# DC Sues Doordash



## gabesdaddee (Dec 4, 2017)

https://www.cnbc.com/2019/11/19/dc-...ordash-claiming-it-pocketed-workers-tips.html


----------



## tohunt4me (Nov 23, 2015)

O MY !


----------



## smithers54 (Jan 7, 2019)

quite honestly how is the pay scale any different to the previous model...dd contributes 2 or 3 bucks and the rest a tip to sub the miles..same pay model different wording


----------



## kingcorey321 (May 20, 2018)

smithers54 said:


> quite honestly how is the pay scale any different to the previous model...dd contributes 2 or 3 bucks and the rest a tip to sub the miles..same pay model different wording


how much does dd actually make average per order ? any idea ? and that bonus they give 2 or 3 its total shit. my average order is the same size 9 to 12 bucks with or with out the bonus added


----------



## smithers54 (Jan 7, 2019)

yup its a steady 2 to 3 bucks under 5 miles. I have driven 5 miles and got 2 bucks plus tip. I have driven 1.5 miles and gotten 3 dollars plus tip. I have gotten a 2 dollar tip over 6 mile run and dd supliment it. so I submitted a ticket that it in fact is not based on miles ect. I got a canned response back. so their algo doesnt make sense. they are still subing

the smallest reqest was 2.00 im my market. I am at a 15% acceptance rate with all the crap orders. There are PPL taking the 2 dollar orders

bonus? Peak pay? with peak its the same. its all part of making ppl think they are getting more...the new pay model is no different. dollar plus tip the new pay model 2 to 3 dollars plus tip


----------



## kingcorey321 (May 20, 2018)

my acc rating is 42 % but i accept any ride that will earn me at least a buck a mile unless its going to a area i know its ghetto strong pass even if its a buck a mile the next delivery will not be good and dead head home


----------



## smithers54 (Jan 7, 2019)

Sometimes a buck a mile isn't worth it. Time is money. If it 6 bucks a Wendy's and its 6 miles...still not worth it


----------



## cdub (May 16, 2016)

gabesdaddee said:


> https://www.cnbc.com/2019/11/19/dc-...ordash-claiming-it-pocketed-workers-tips.html


Finally, what I've been hoping for. DD will need to give an account for stealing tips, and I hope the AG wins. I possibly put a target on my back, but I have been advising my customers/family/friends/whoever will listen for years not to tip through the app.


----------



## dlearl476 (Oct 3, 2017)

cdub said:


> Finally, what I've been hoping for. DD will need to give an account for stealing tips, and I hope the AG wins. I possibly put a target on my back, but I have been advising my customers/family/friends/whoever will listen for years not to tip through the app.

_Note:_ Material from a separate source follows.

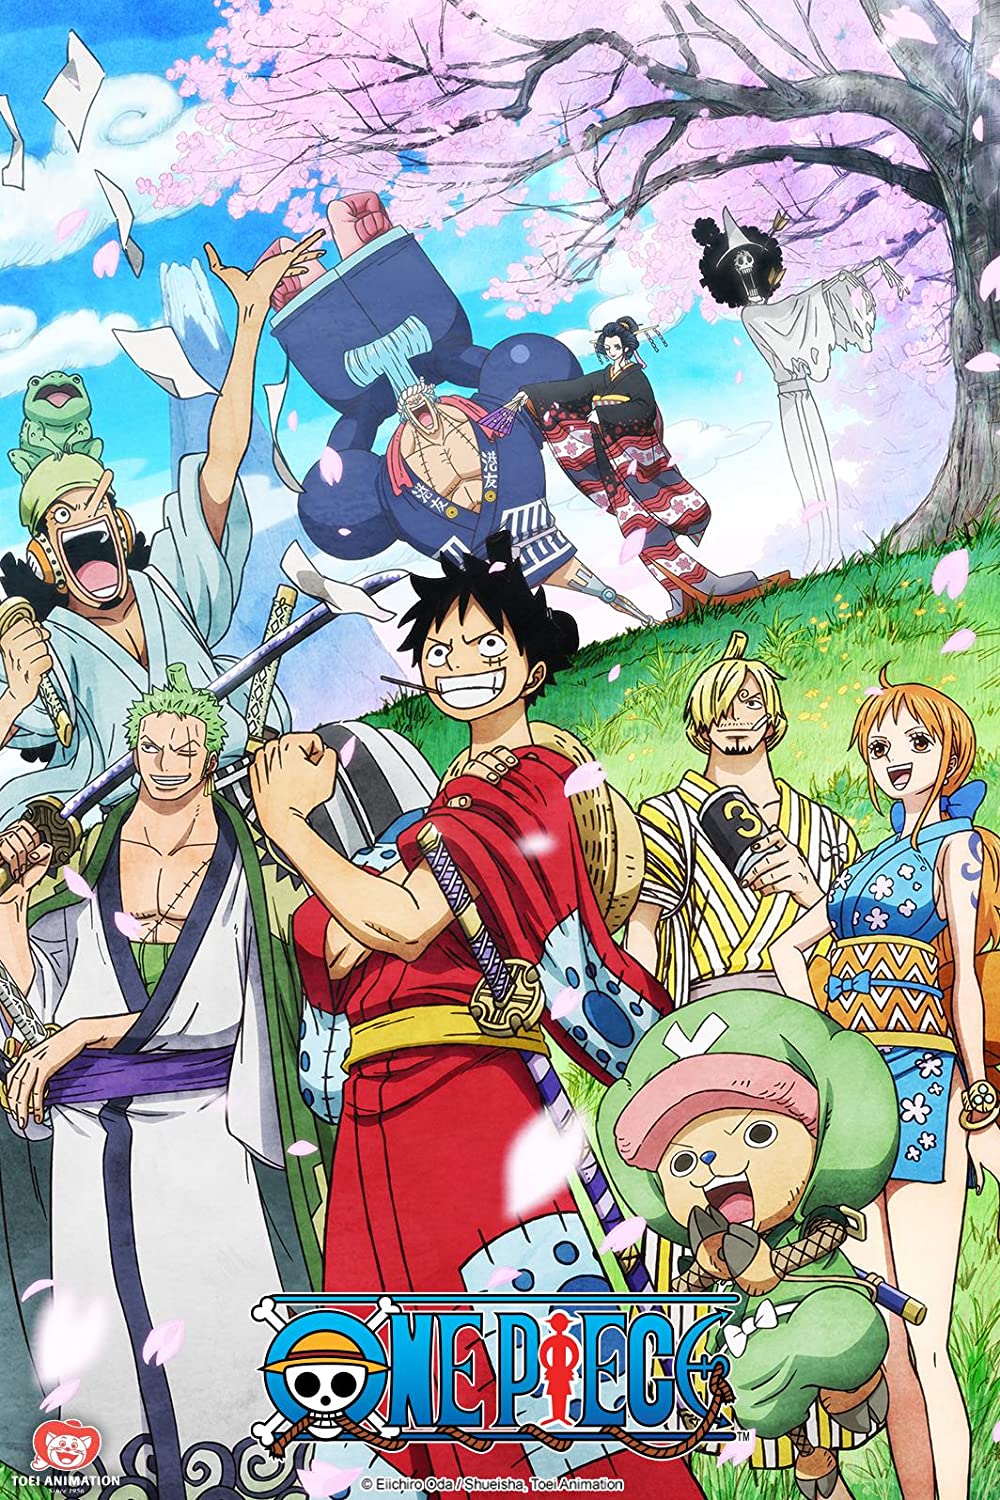 ดูหนังออนไลน์ฟรี One Piece Season 1 EP.19 วันพีช อิสท์บลู ซีซั่น 1  ตอนที่ 19

I did a GH order the other day $5 tip in the app. As I'm leaving the guy says, "Oh, and here's $5 because I heard they steal your tips." I said "That's DD, but thanks anyway."


----------



## KekeLo (Aug 26, 2015)

tohunt4me said:


> O MY !


What's up?


----------



## tohunt4me (Nov 23, 2015)

KekeLo said:


> What's up?


Hey YOU !
Where have you been !?!?


----------



## KekeLo (Aug 26, 2015)

tohunt4me said:


> Hey YOU !
> Where have you been !?!?


Are you still driving? I went on my first cruise a few weeks ago :smiles:


----------



## Uberdriver2710 (Jul 15, 2015)

smithers54 said:


> Sometimes a buck a mile isn't worth it. Time is money. If it 6 bucks a Wendy's and its 6 miles...still not worth it


Yes, 'a buck a mile' is only one factor. Problem/slow restaurants, are a deal breaker/insta-decline.


----------